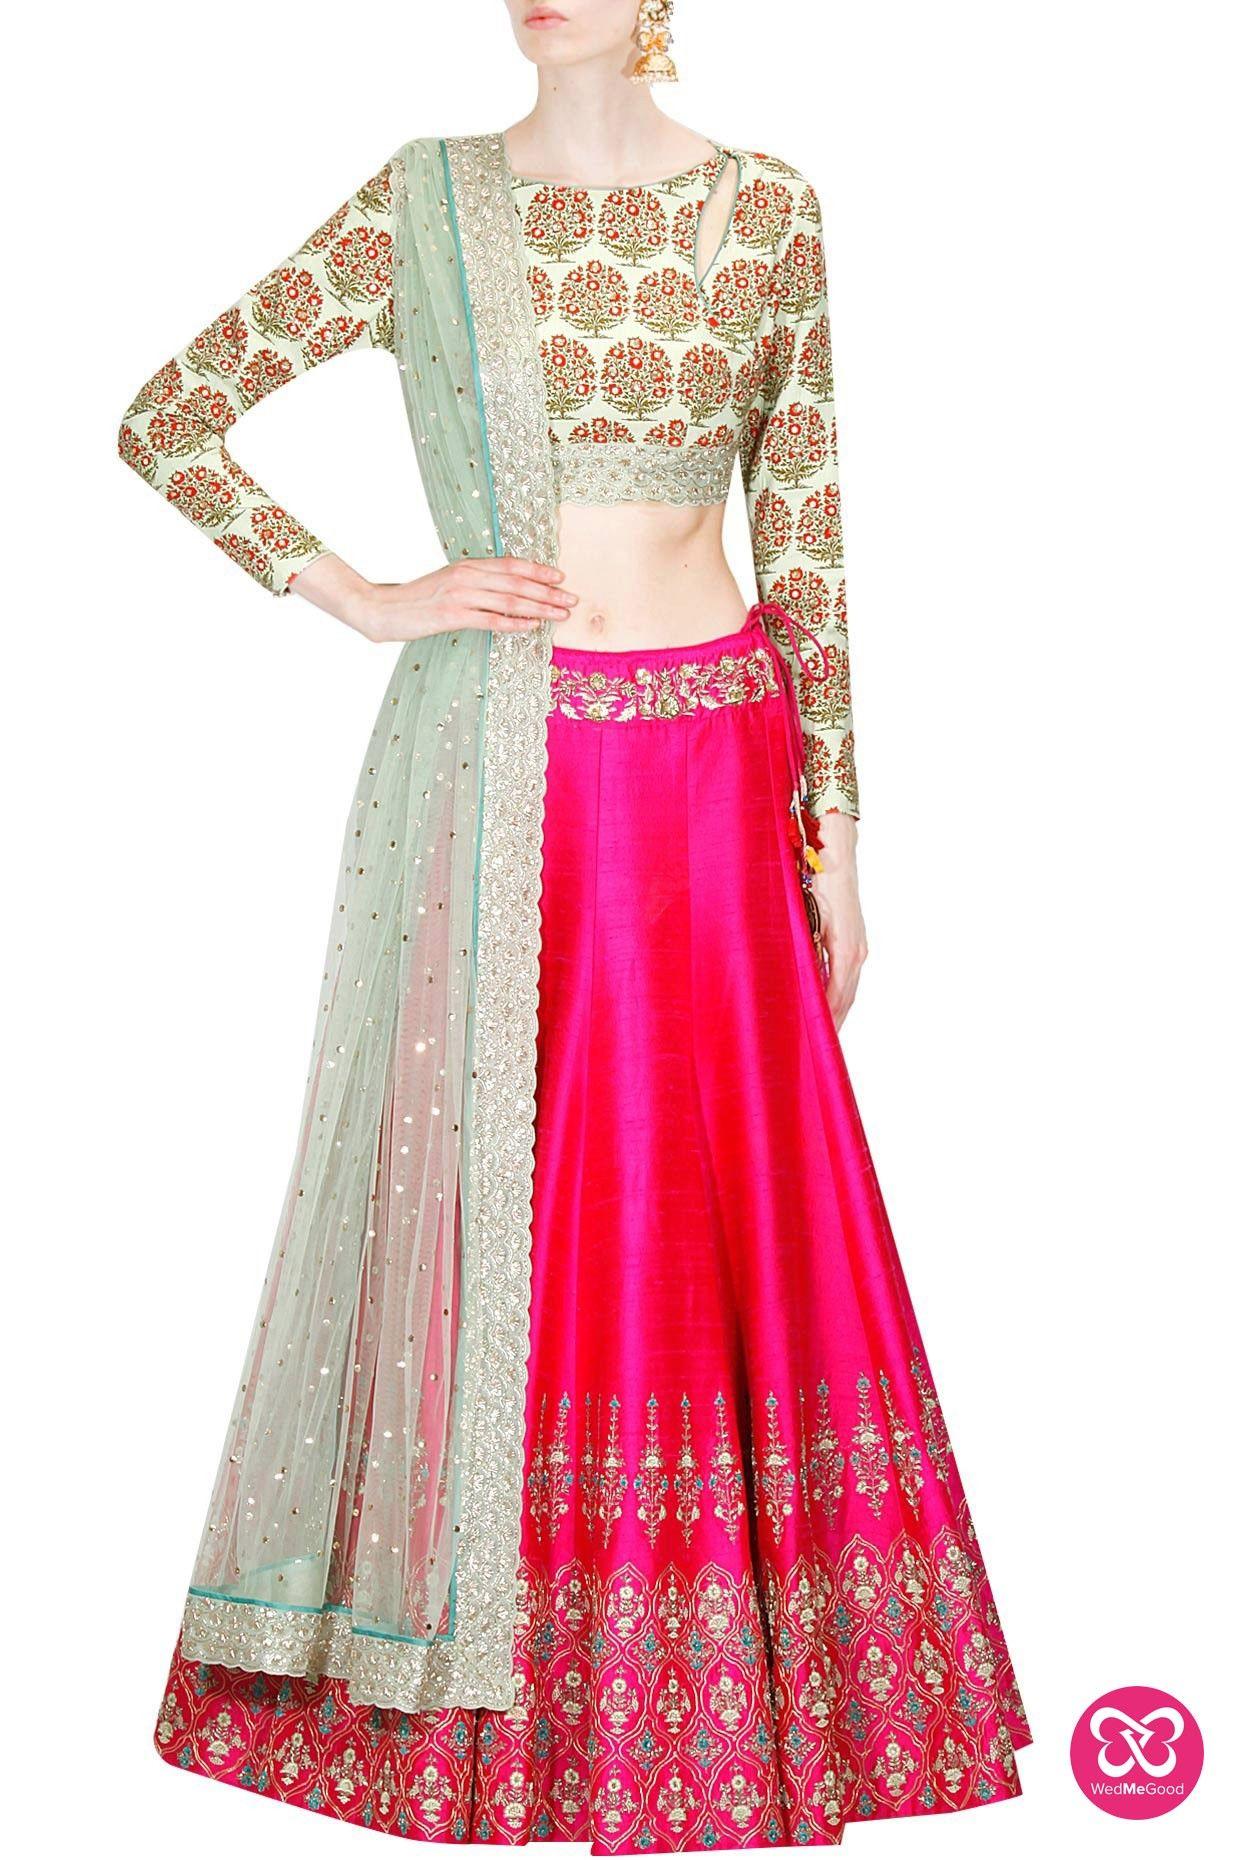 Silk saree below 2000 sk mofijur rahman mofijursmr on pinterest
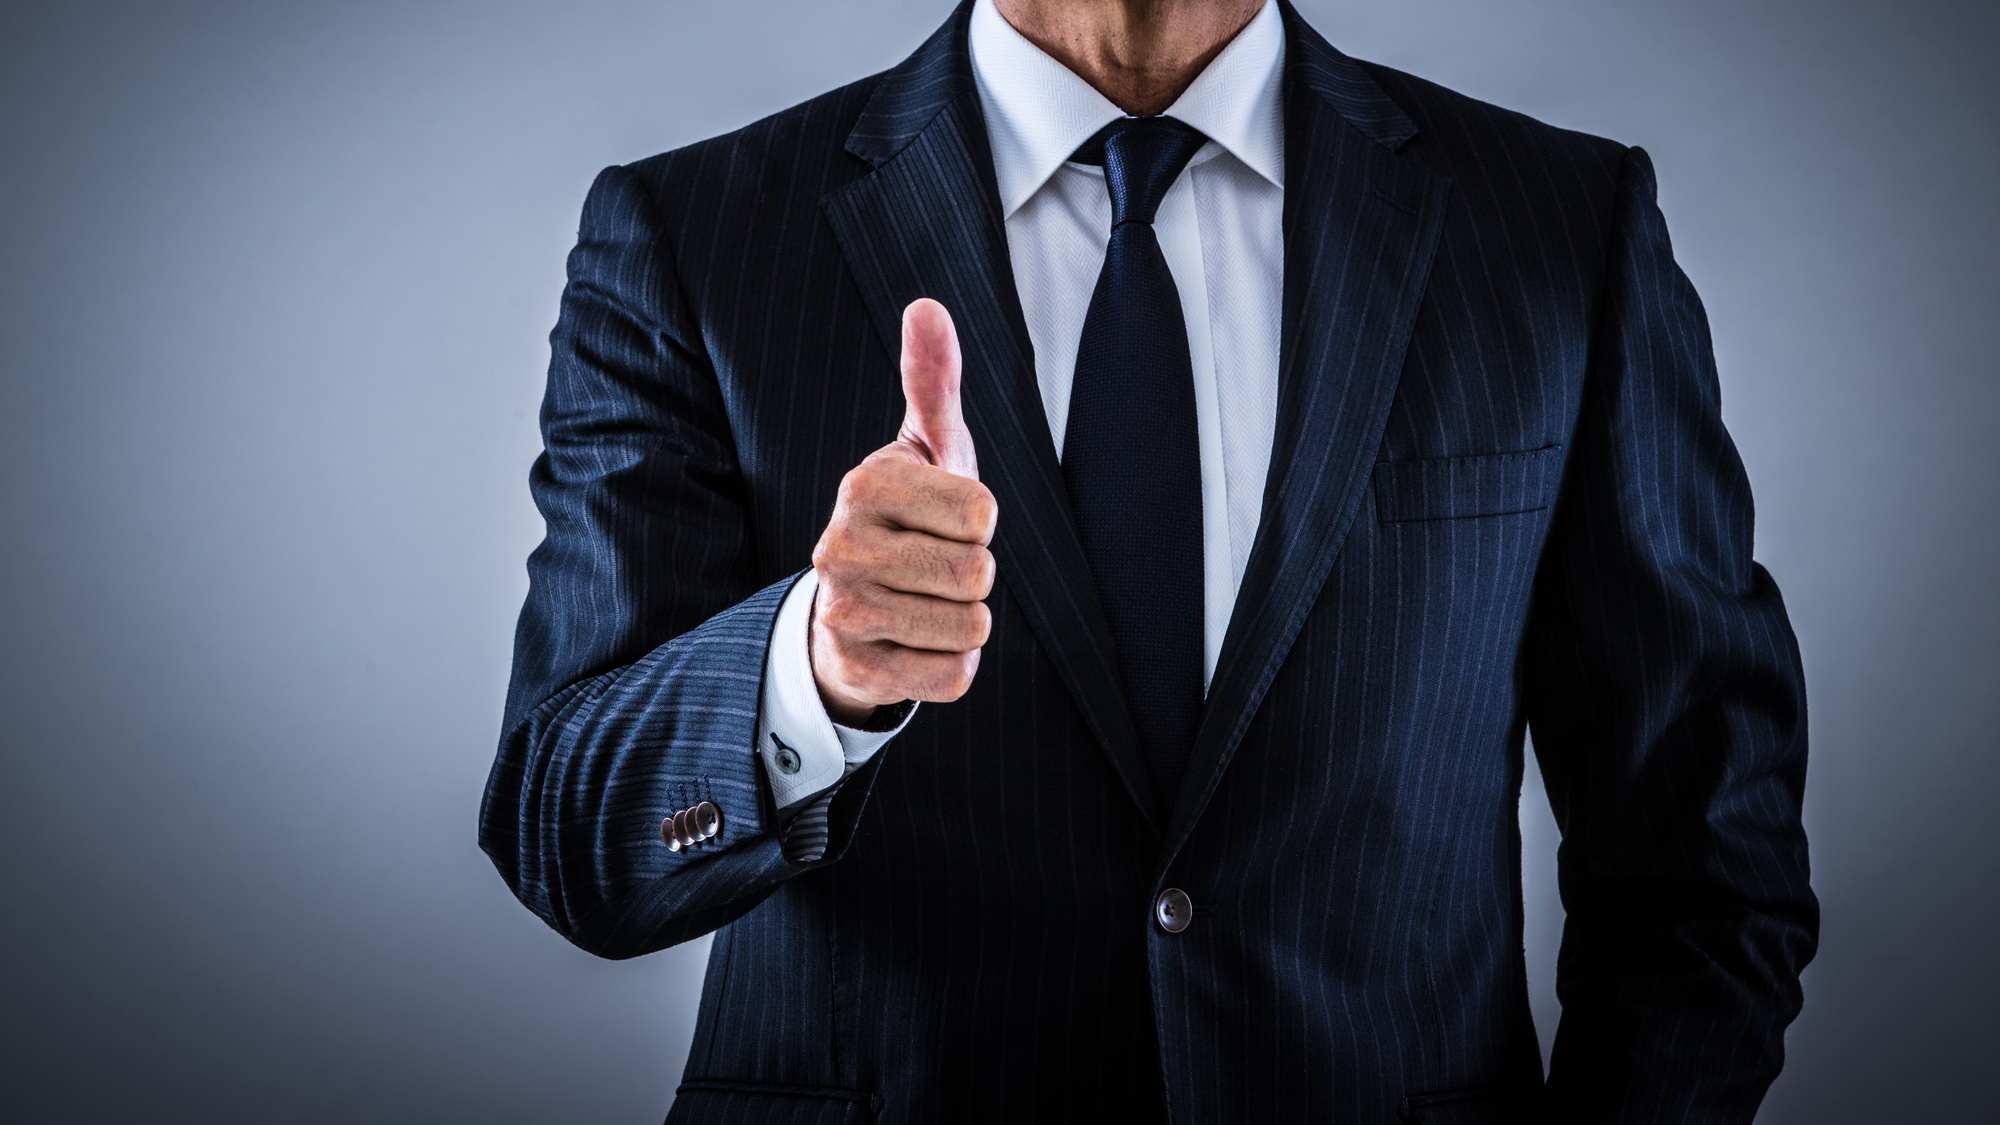 超一流と「普通の人」の差は、成功の第一条件を知っていること
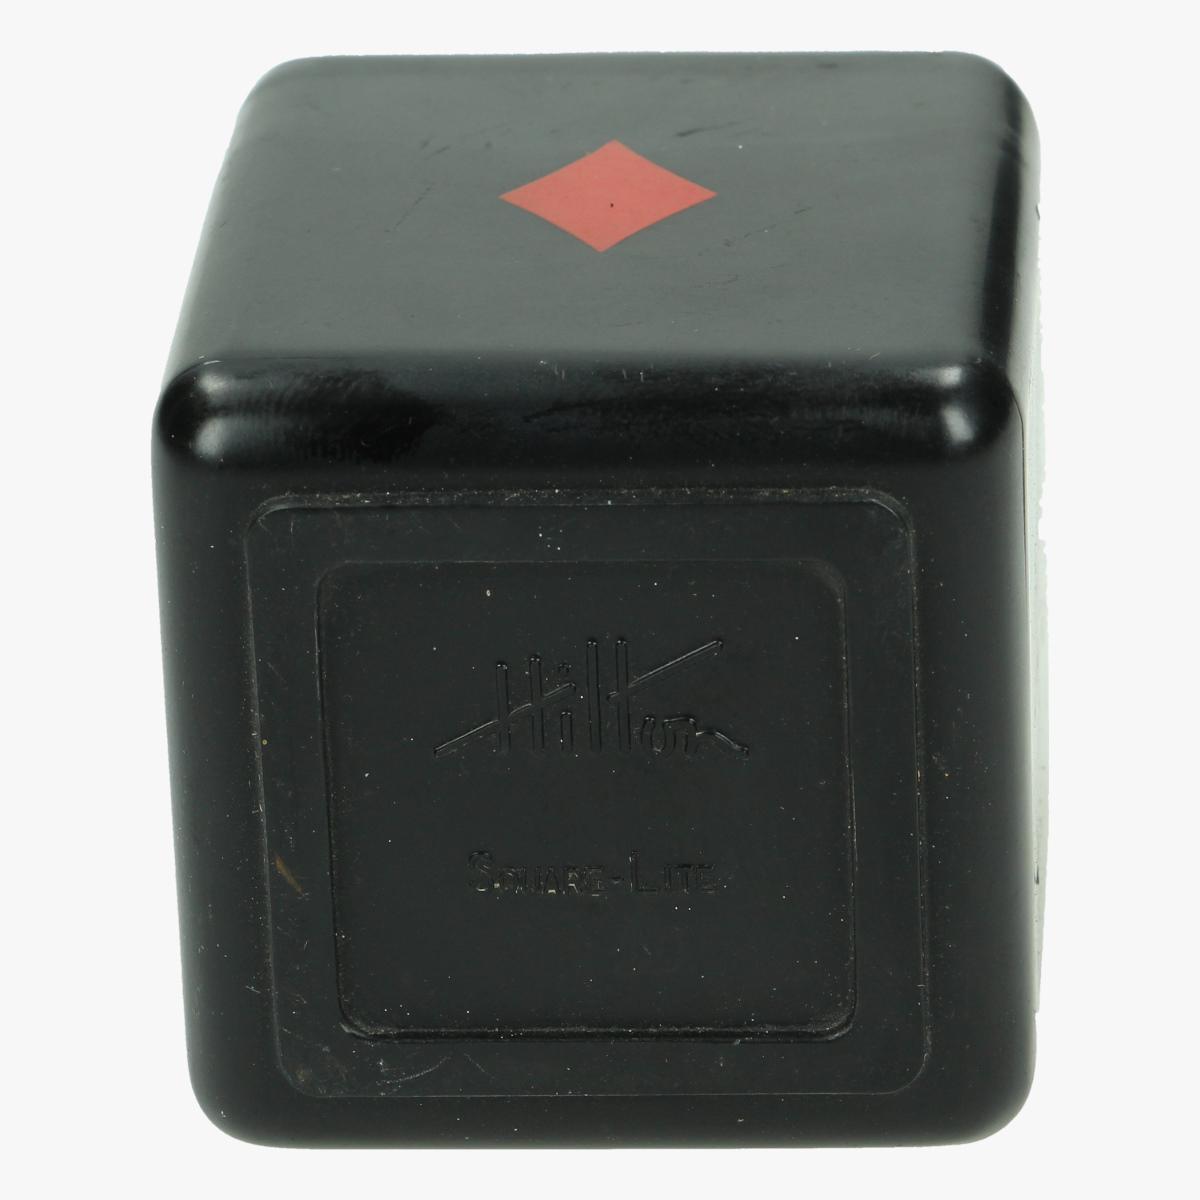 Afbeeldingen van oude aansteker hilton square- lite

## TASK REQUIREMENTS
What the answer needs is every line from the one with "超一流と「普通の人」の差は、成功の第一条件を知っていること" through the last line of the data, reproduced word for word and with pictures omitted.

## TASK SOLUTION
 超一流と「普通の人」の差は、成功の第一条件を知っていること
 Afbeeldingen van oude aansteker hilton square- lite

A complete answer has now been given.